How to unpack multiple keys in a Spark DataSet

I have the following DataSet, with the following structure.
case class Person(age: Int, gender: String, salary: Double)
I want to determine the average salary by gender and age, thus I group the DS by both keys. I've encountered two main problems, one is that both keys are mixed in a single one, but I want to keep them in two different columns, the other is that the aggregated column gets a silly long name and I can't figure out how to rename it (apparently as and alias won't work) all of this using the DS API.
val df = sc.parallelize(List(Person(100000.00, "male", 27),
Person(120000.00, "male", 27),
Person(95000, "male", 26),
Person(89000, "female", 31),
Person(250000, "female", 51),
Person(120000, "female", 51)
)).toDF.as[Person]
df.groupByKey(p => (p.gender, p.age)).agg(typed.avg(_.salary)).show()

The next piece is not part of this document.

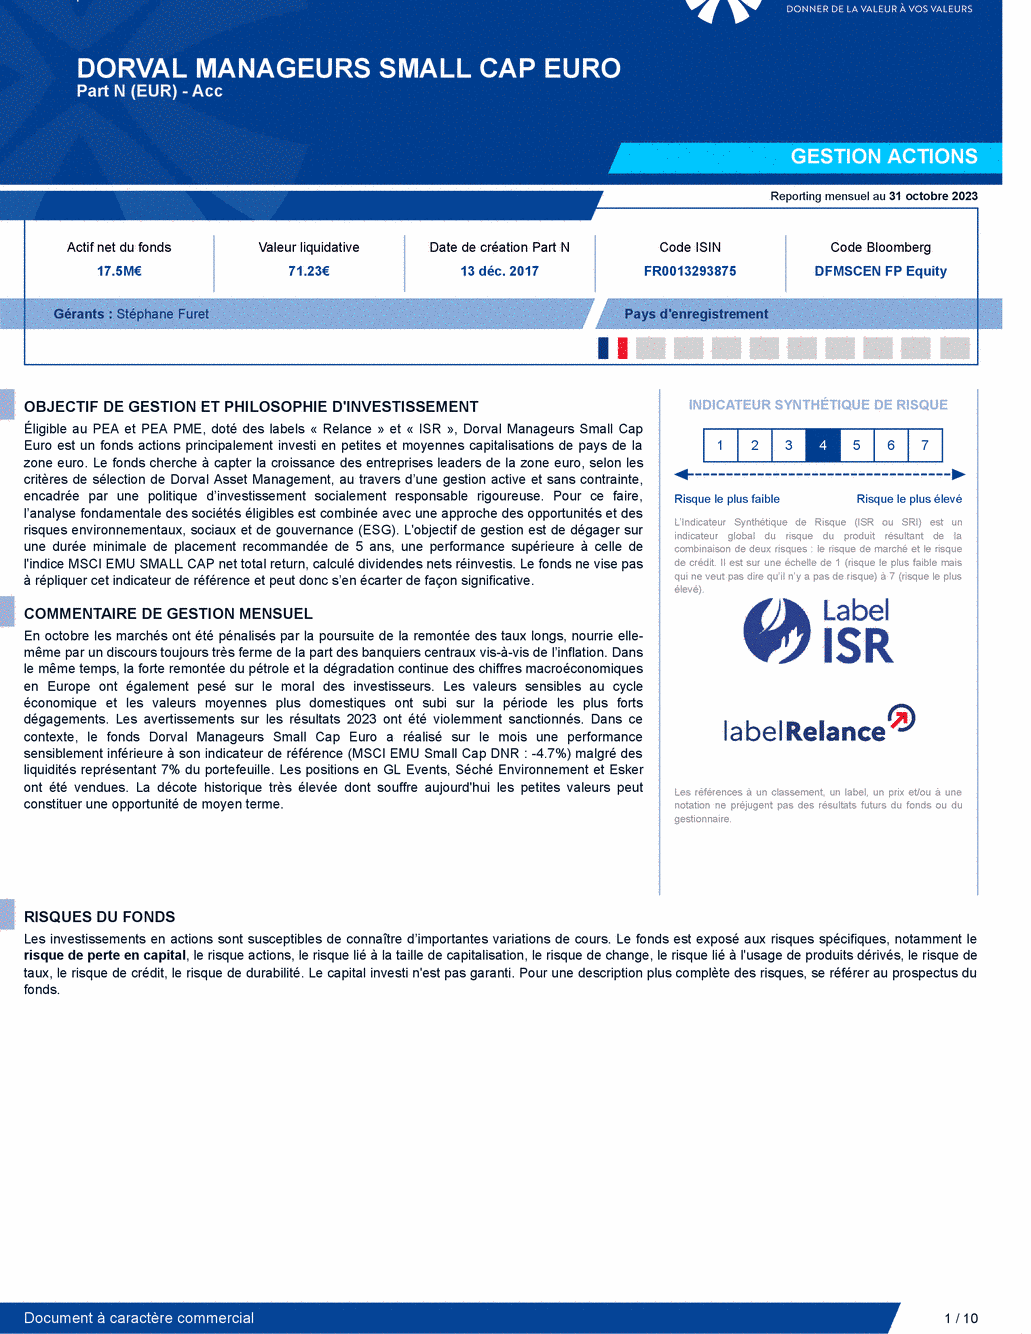 Reporting DORVAL MANAGEURS SMALL CAP EURO N - 31/10/2023 - Français

+-----------+------------------------------------------------------------------------------------------------+
| key| TypedAverage(line2503618a50834b67a4b132d1b8d2310b12.$read$$iwC$$iwC$$iwC$$iwC$$iwC$$iwC$Person)|
+-----------+------------------------------------------------------------------------------------------------+
|[female,31]| 89000.0...
|[female,51]| 185000.0...
| [male,27]| 110000.0...
| [male,26]| 95000.0...
+-----------+------------------------------------------------------------------------------------------------+
Aliasing is an untyped action, so you must retype it after. And the only way to unpack the key is to do it after, via a select or something:
df.groupByKey(p => (p.gender, p.age))
.agg(typed.avg[Person](_.salary).as("average_salary").as[Double])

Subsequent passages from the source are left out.